History

United Kingdom
- Name: Glenmore
- Launched: 1806, Elgin
- Fate: Wrecked September 1822

General characteristics
- Tons burthen: 298 (bm)
- Complement: 20
- Armament: 1807: 14 × 9&6-pounder guns ; 1814:8 × 6-pounder guns + 4 × 12-pounder carronades;
- Notes: Fir built

= Glenmore (1806 ship) =

Glenmore was launched as a West Indiaman in 1806 at Elgin. She made one voyage to Bengal in 1813–14, then became a Greenland whaler in 1818, and made four full whaling voyages. She was lost in the White Sea in 1822.

==Career==
Glenmore entered Lloyd's Register (LR) in 1807 with A. James, master, Twemlow, owner, and trade Liverpool–Suriname. Captain Alexander James acquired a letter of marque on 16 September 1807.

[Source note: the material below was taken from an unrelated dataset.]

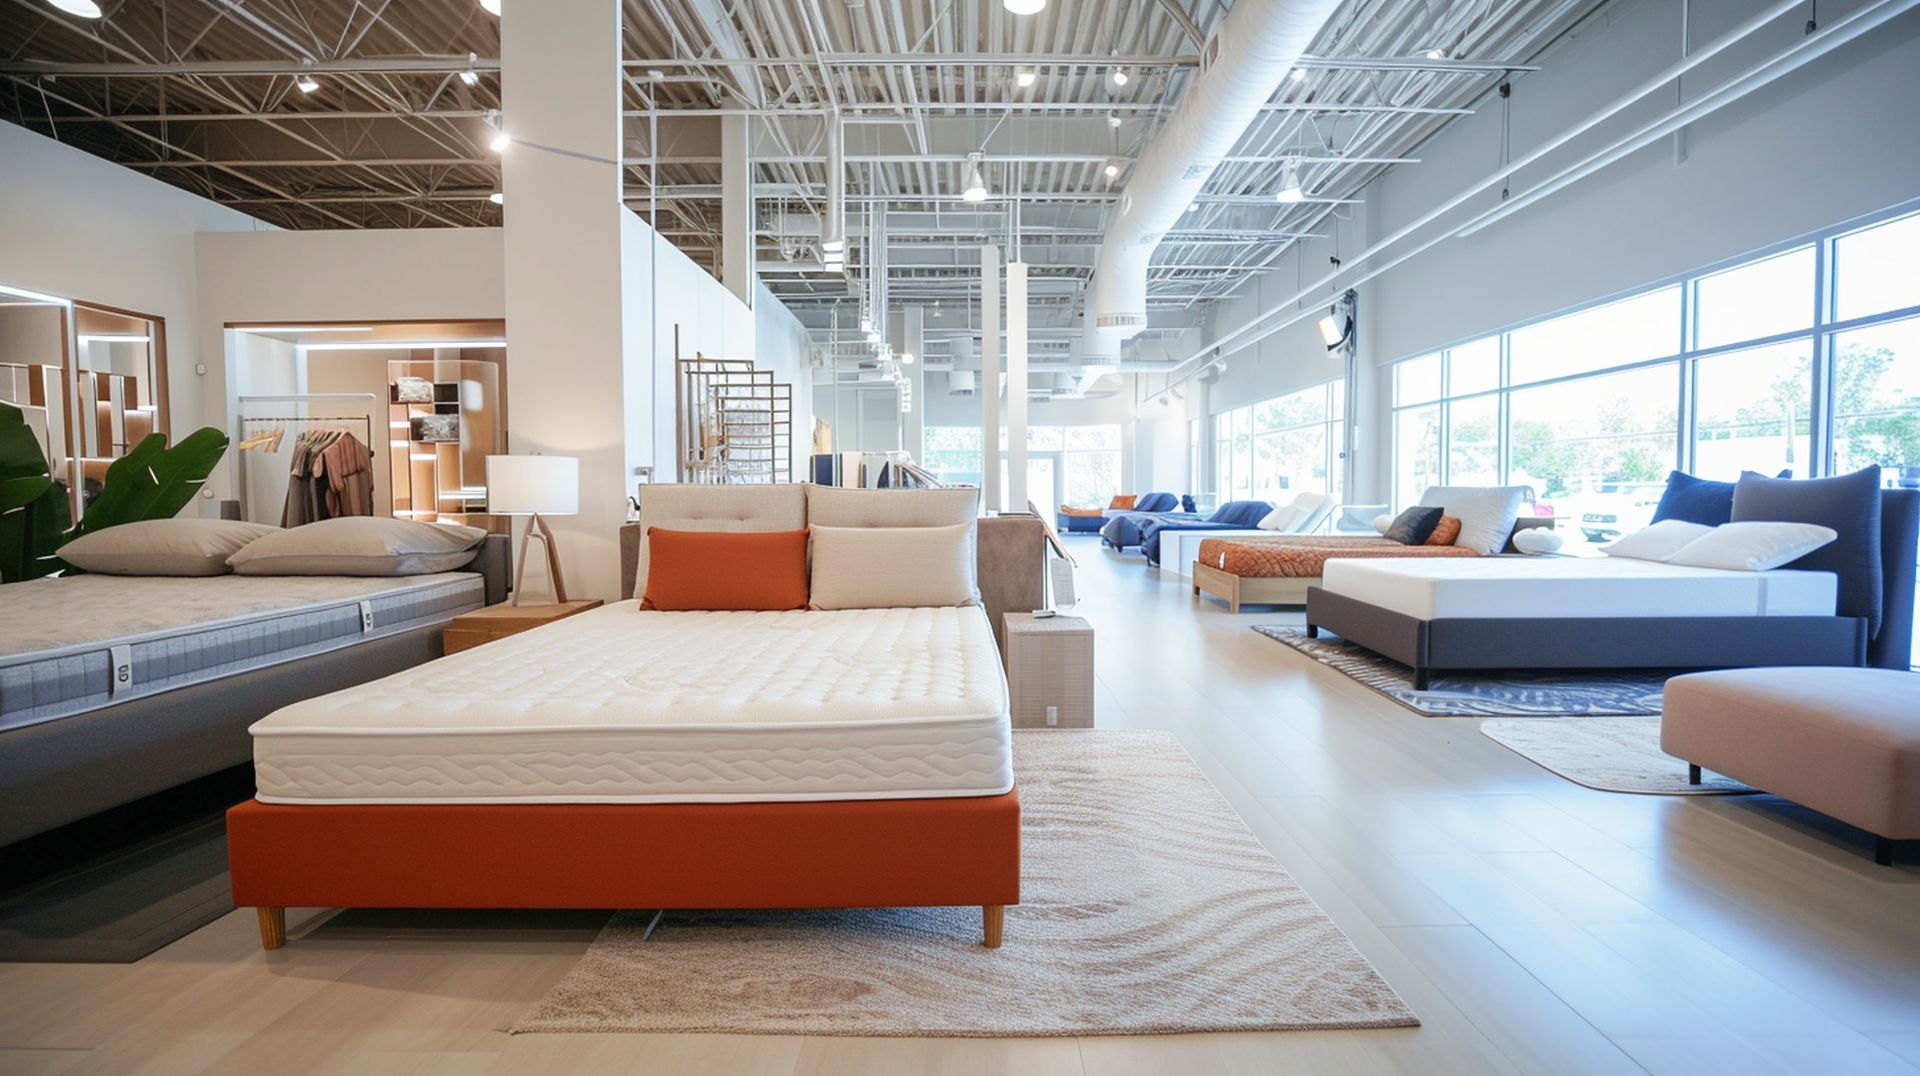 Local Anaheim mattress stores have the best prices, sales, and deals if you're looking for a new mattress in Anaheim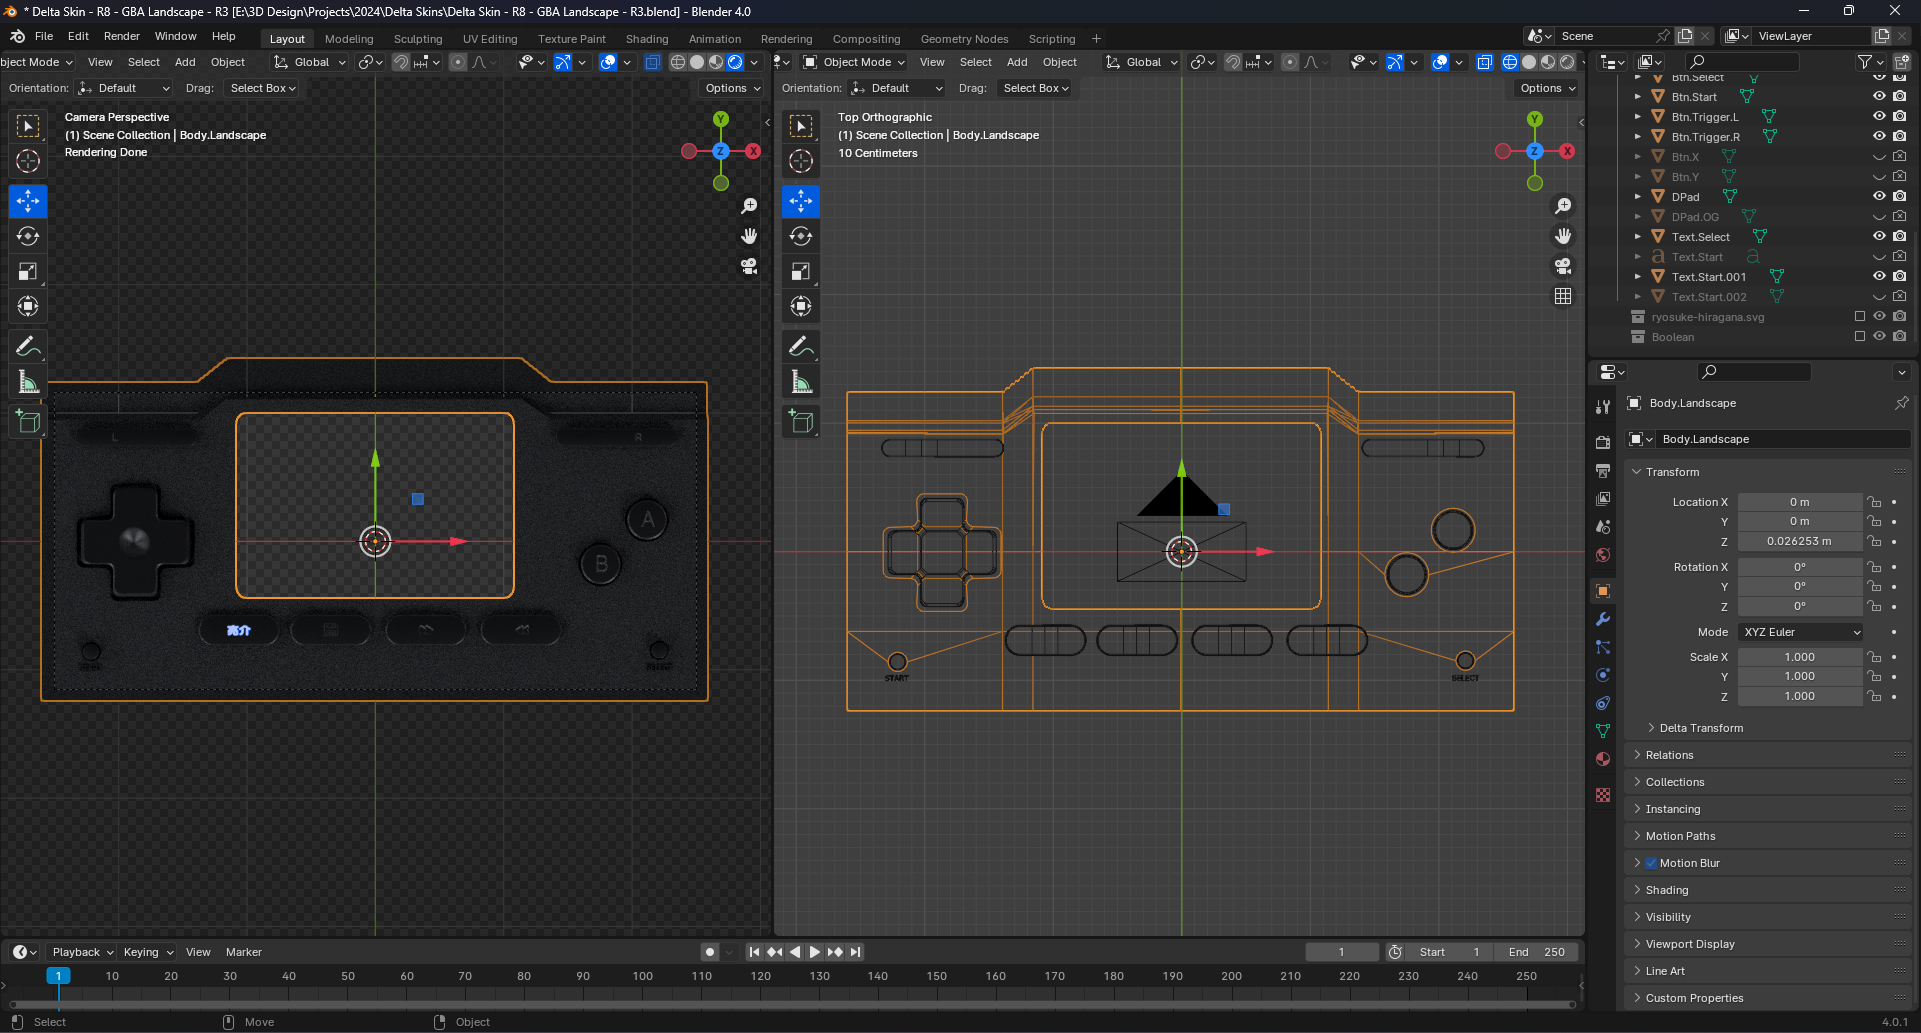 Screenshot of Blender with the Delta skin in Landscape mode side by side, left showing wireframe mode, and right showing rendered. Wireframe shows a much cleaner topology this time, also using booleans.

LR for 1810 showed Glenmore with J.Golding, master, Moss $ Co. owners, and trade London–Madeira.

In 1813 the British East India Company (EIC) lost its monopoly on the trade between India and Britain. British ships were then free to sail to India or the Indian Ocean under a license from the EIC.

Although it is not clear that Glenmore ever received a license from the EIC, on 22 March 1813 she was at Deal, nominally intending to sail to the Cape of Good Hope. On 13 May 1813 she was at Madeira, and on the 20th she sailed for the Cape.

LR for 1814 showed her with W. Vaughn, master, Osborne & Co., owners, and trade London–Île de France.

Lloyd's List (LL) reported on 12 July 1814 that Glenmore, Vaughn, master, had sailed from Bengal for London on 26 January 1814. She arrived back at Gravesend on 15 August.

LR for 1816 showed Glenmore with Lang, master, changing to Arman, Extar & Co., owners, and trade London–Demerara.

Glenmore, Arman, master, put into Corunna on 7 January 1817 for repairs. She had been sailing from London for Antigua when she suffered trifling damages. It was expected that she would sail in a few days.

Greenland whaler: The Register of Shipping (RS) for 1818 showed her master as Lang, changing to Roster, her owner as Exeter, changing to T.Olds, and her trade as London–West Indies, changing to London–Greenland. She had undergone small repairs in 1816.

Glenmore made four full voyages to the Greenland whale fishery from London.

| Year | Master | Whales | Tuns of whale oil |
|---|---|---|---|
| 1818 | Rozier | 3 | 37 |
| 1819 | Duncan | 3 | 31 |
| 1820 | Todd | 17 | 92 |
| 1821 | Todd | 6 | 60 |

==Fate==
Glenmore, Todd, master, and Henry were totally lost in the White Sea on 26 September 1822 but their crews survived and proceeded to Archangel in the ships' boats. Glenmore was on a voyage from Onega, Russia, to London.

The entry for Glenmore in the 1823 RS has the annotation "LOST" by her name.